Rapat yang digelar di ruang sidang utama DPRD dipimpin langsung Wakil Ketua II DPRD Tanah Bumbu, H. Sya’bani Rasul. Sejumlah pihak hadir, mulai dari Dinas Lingkungan Hidup, Camat Sungai Loban, Kepala Desa, perangkat desa, BPD, pemilik lahan, hingga perwakilan perusahaan tambang yang beroperasi di sekitar wilayah tersebut.
Kerugian Petani Capai Ratusan Juta per Hektare
Dalam forum, warga melalui Kepala Desa dan Ketua Dusun membeberkan fakta mengejutkan. Selama delapan tahun, lahan karet dan sawit milik warga tercemar hingga menimbulkan kerugian ratusan juta rupiah per hektare.
“Total lahan terdampak mencapai 111 hektare. Itu belum termasuk kerugian lain seperti hilangnya sarang burung walet, rusaknya jembatan akses, kolam ikan, dan rumah kontrakan warga,” ungkap Agus Prayogo, Ketua Dusun Sebamban Baru.

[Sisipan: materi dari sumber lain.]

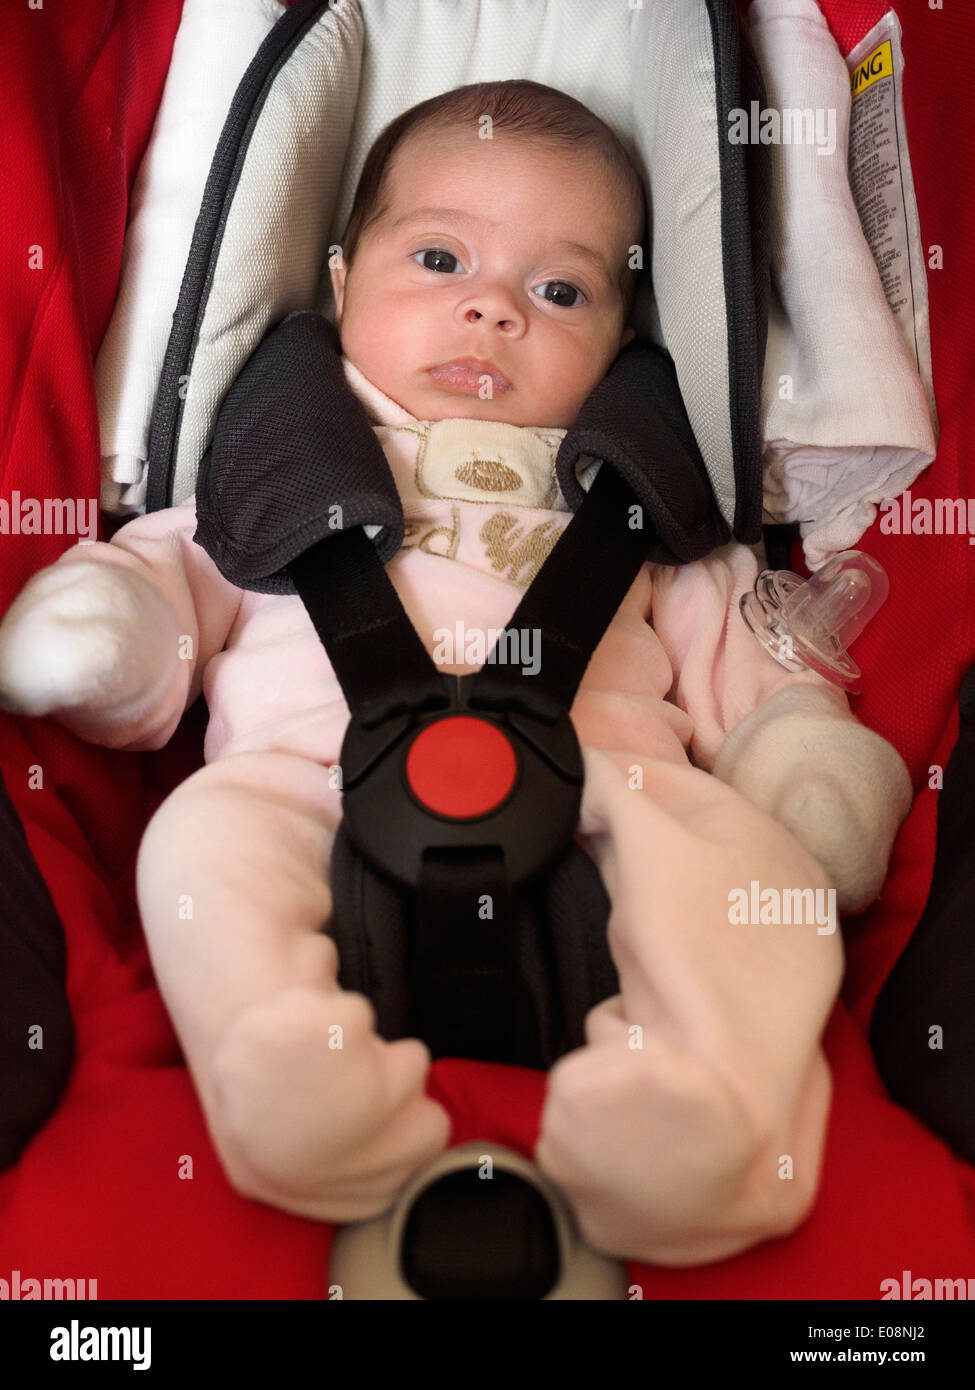 Baby strapped into a car seat Stock Photo

Menanggapi hal tersebut, pimpinan rapat langsung meminta klarifikasi dari pihak perusahaan. Perwakilan perusahaan tambang menyatakan siap bernegosiasi dan mencari jalan penyelesaian.
RDP kemudian ditutup dengan keputusan bersama untuk melakukan pengecekan lapangan bersama masyarakat, pemerintah kecamatan dan desa, serta pihak perusahaan. Hasil pengecekan akan menjadi dasar bagi rapat lanjutan DPRD guna memfasilitasi tuntutan ganti rugi warga sesuai kondisi riil.(Wartabanjar.com/Haidar)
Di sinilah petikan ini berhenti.